From: Baolu Lu baolu.lu@linux.intel.com Sent: Wednesday, September 11, 2024 3:51 PM
On 2024/9/11 15:20, Nicolin Chen wrote:
On Wed, Sep 11, 2024 at 06:25:16AM +0000, Tian, Kevin wrote:
From: Jason Gunthorpejgg@nvidia.com Sent: Friday, September 6, 2024 2:22 AM
On Thu, Sep 05, 2024 at 11:00:49AM -0700, Nicolin Chen wrote:
On Thu, Sep 05, 2024 at 01:20:39PM -0300, Jason Gunthorpe wrote:
On Tue, Aug 27, 2024 at 09:59:54AM -0700, Nicolin Chen wrote:
> +static int arm_smmu_viommu_cache_invalidate(struct
iommufd_viommu *viommu,
> + struct iommu_user_data_array
*array)
> +{ > + struct iommu_domain *domain =
iommufd_viommu_to_parent_domain(viommu);
> + > + return __arm_smmu_cache_invalidate_user( > + to_smmu_domain(domain), viommu, array); I'd like to have the viommu struct directly hold the VMID. The nested parent should be sharable between multiple viommus, it doesn't make any sense that it would hold the vmid.
This is struggling because it is trying too hard to not have the driver allocate the viommu, and I think we should just go ahead and
do
that.

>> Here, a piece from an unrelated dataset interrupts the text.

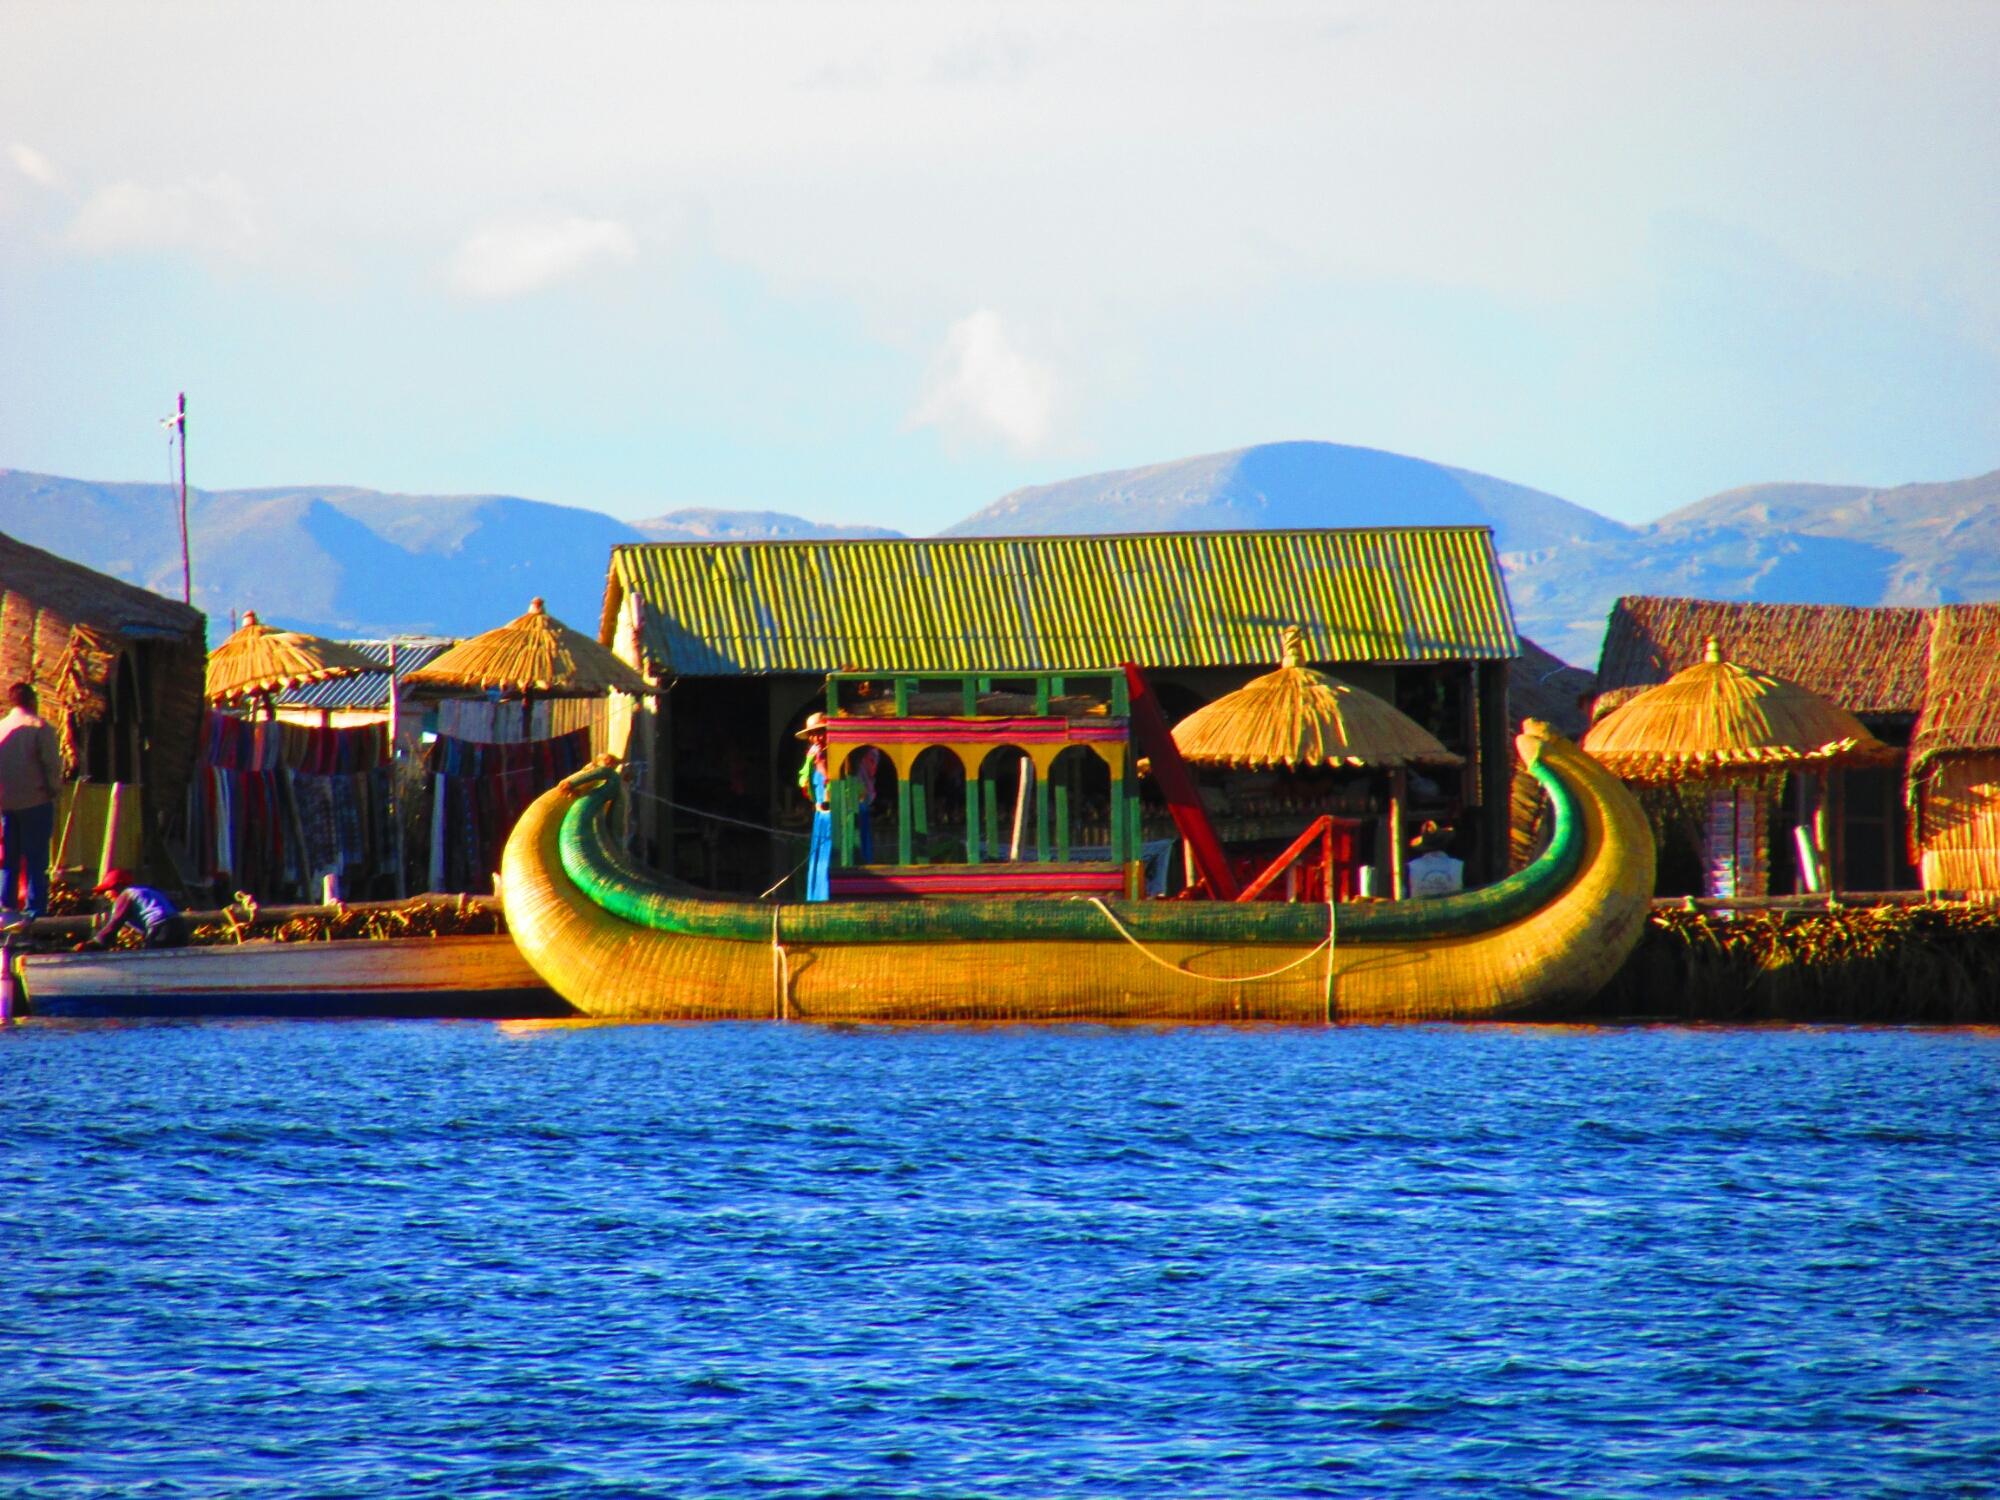 balsa hecha de totora en islas Uros en el lago Titicaca

Store the vmid, today copied from the nesting parent in the vmid private struct. No need for iommufd_viommu_to_parent_domain(),
just
rework the APIs to pass the vmid down not a domain.
OK. When I designed all this stuff, we still haven't made mind about sharing the s2 domain, i.e. moving the VMID, which might need a couple of more patches to achieve.
Yes, many more patches, and don't try to do it now.. But we can copy the vmid from the s2 and place it in the viommu struct during allocation time.
does it assume that a viommu object cannot span multiple physical IOMMUs so there is only one vmid per viommu?
I think so. One the reasons of introducing vIOMMU is to maintain the shareability across physical IOMMUs at the s2 HWPT_PAGING.
My understanding of VMID is something like domain id in x86 arch's. Is my understanding correct?
yes
If a VMID for an S2 hwpt is valid on physical IOMMU A but has already been allocated for another purpose on physical IOMMU B, how can it be shared across both IOMMUs? Or the VMID is allocated globally?
I'm not sure that's a problem. The point is that each vIOMMU object will get a VMID from the SMMU which it's associated to (assume one vIOMMU cannot span multiple SMMU). Whether that VMID is globally allocated or per-SMMU is the policy in the SMMU driver.
It's the driver's responsibility to ensure not using a conflicting VMID when creating an vIOMMU instance.